Async + LLM gateway APIs returning 5xx

Incident Report for AssemblyAI

Postmortem

Summary: January 29 Outage

On January 29, our Async Transcription and LLM Gateway went down for 25 minutes, followed by two hours of degraded performance. Here's what happened.

Our traffic has been steadily increasing and we received an influx of batch transcription jobs that were higher than usual. Autoscaling did what it should—spun up workers. We ran out of spot instances, fell back to on-demand, then hit AWS's Elastic Network Interface limit. Every ECS task needs an ENI. With no ENIs available, our authentication service couldn't rotate its tasks. It scaled to zero. Everything stopped.

When we tried to recover, a Lambda function meant to help with failures was hammering the AWS API with describe calls, rate-limiting the very operations we needed to bring things back. A tool built for recovery was blocking recovery.

What actually went wrong:

We didn't monitor ENI utilization and our authentication service shared resources with batch workers. Traffic spike in one starved the other.

What we're doing:

Short-term: ENI alerts, isolate auth on dedicated capacity, fix the Lambda.

Medium-term: Full multi-region for everything.

This was preventable. We had the warning signs and didn't connect them. We're sorry, and we're fixing it.

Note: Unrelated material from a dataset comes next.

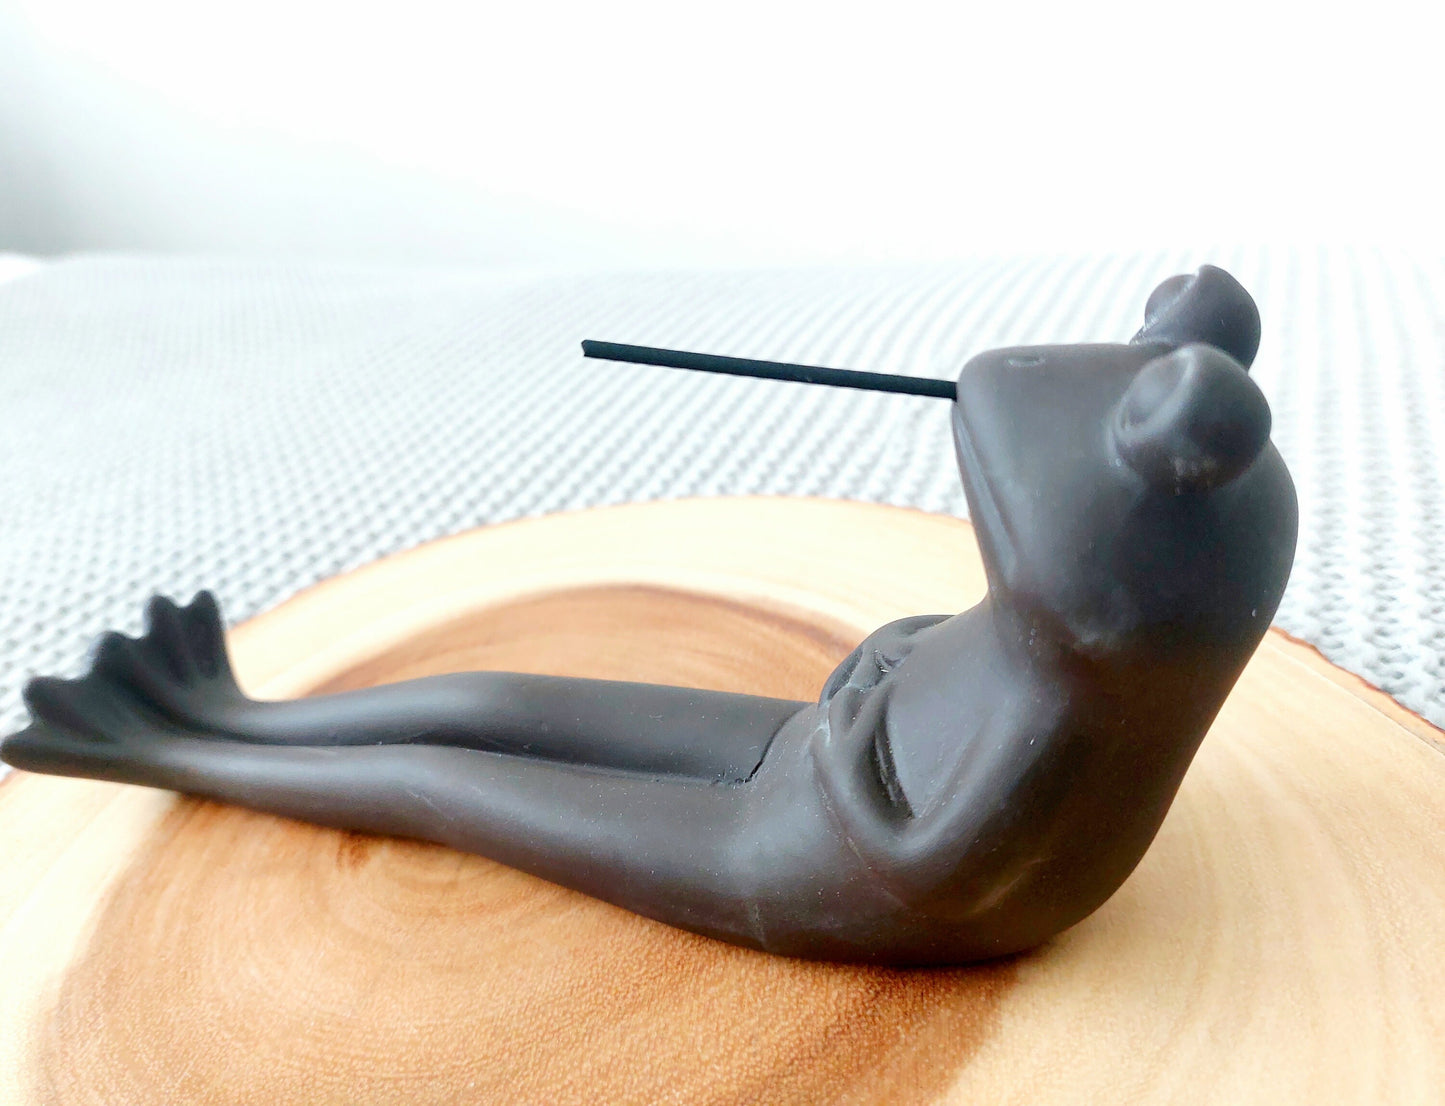 Relaxing Frog Incense Stick Burner / Holder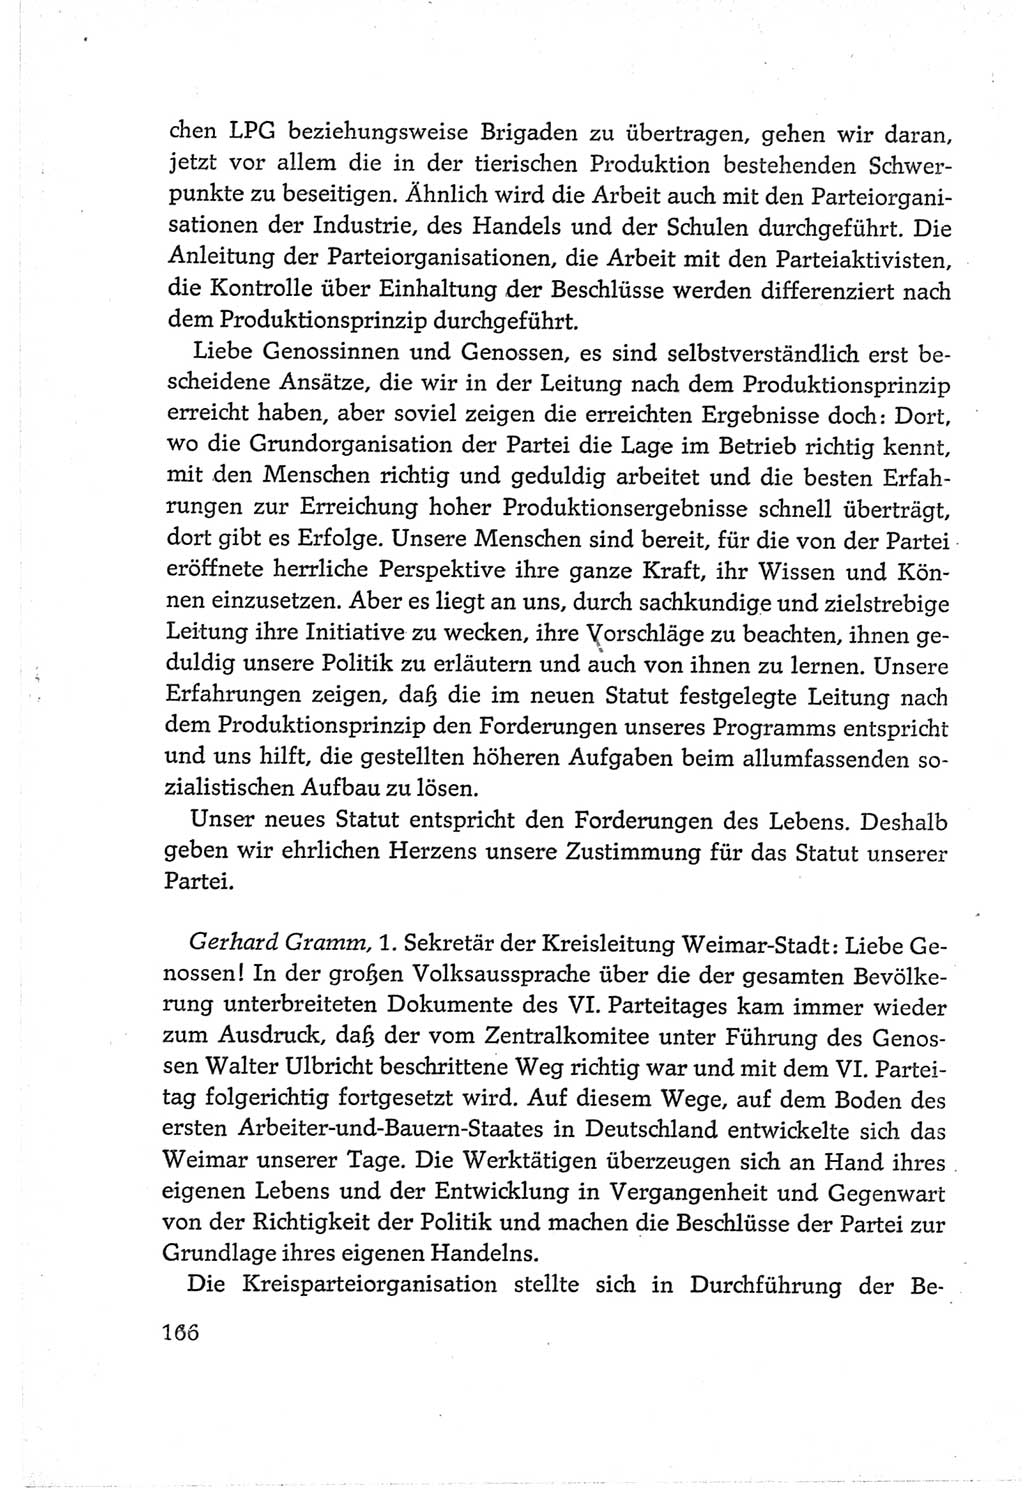 Protokoll der Verhandlungen des Ⅵ. Parteitages der Sozialistischen Einheitspartei Deutschlands (SED) [Deutsche Demokratische Republik (DDR)] 1963, Band Ⅲ, Seite 166 (Prot. Verh. Ⅵ. PT SED DDR 1963, Bd. Ⅲ, S. 166)

Posted Feb 05, 2026 - 18:35 UTC

Resolved

We have cleared the backlog, and turnaround times are back to normal. Our team continues to actively monitor the situation. We will provide a post-mortem when available.
Posted Jan 29, 2026 - 19:32 UTC

Update

We are continuing to work through the backlog, and turnaround times are improving. Our team continues to actively monitor the situation. We will provide updates as more information becomes available.
Posted Jan 29, 2026 - 19:18 UTC

Update

We are continuing to see requests being completed. We are working through a backlog of requests, resulting in elevated turnaround times while we recover. Our team continues to actively monitor the situation. We will provide updates as more information becomes available.
Posted Jan 29, 2026 - 18:42 UTC

Monitoring

We are seeing requests beginning to successfully complete and have moved to the monitoring phase. Some requests are still returning 500 errors. Our website is down, and logins may be affected. Our team continues to actively investigate and monitor the situation. We will provide updates as more information becomes available.
Posted Jan 29, 2026 - 18:30 UTC

Update

We are seeing requests beginning to successfully complete and have moved to the monitoring phase. Some requests are still returning 500 errors. Our team continues to actively investigate and monitor the situation. We will provide updates as more information becomes available.
Posted Jan 29, 2026 - 18:29 UTC

Update

We are currently investigating an issue affecting our Async and LLM Gateway services, which are returning 500 errors. Our team is actively working to identify and resolve the problem. We will provide updates as more information becomes available.

All streaming API and EU endpoint services are running normally. This incident is isolated to NA API endpoints for async + LLM gateway.
Posted Jan 29, 2026 - 18:09 UTC

Update

We are continuing to investigate this issue.
Posted Jan 29, 2026 - 18:02 UTC

Investigating

We are currently investigating an issue affecting async + LLM gateway services. More updates to come as we learn more.
Posted Jan 29, 2026 - 17:54 UTC
This incident affected: APIs (Asynchronous API, Streaming API, LLM Gateway) and Web (Website, Playground, Dashboard).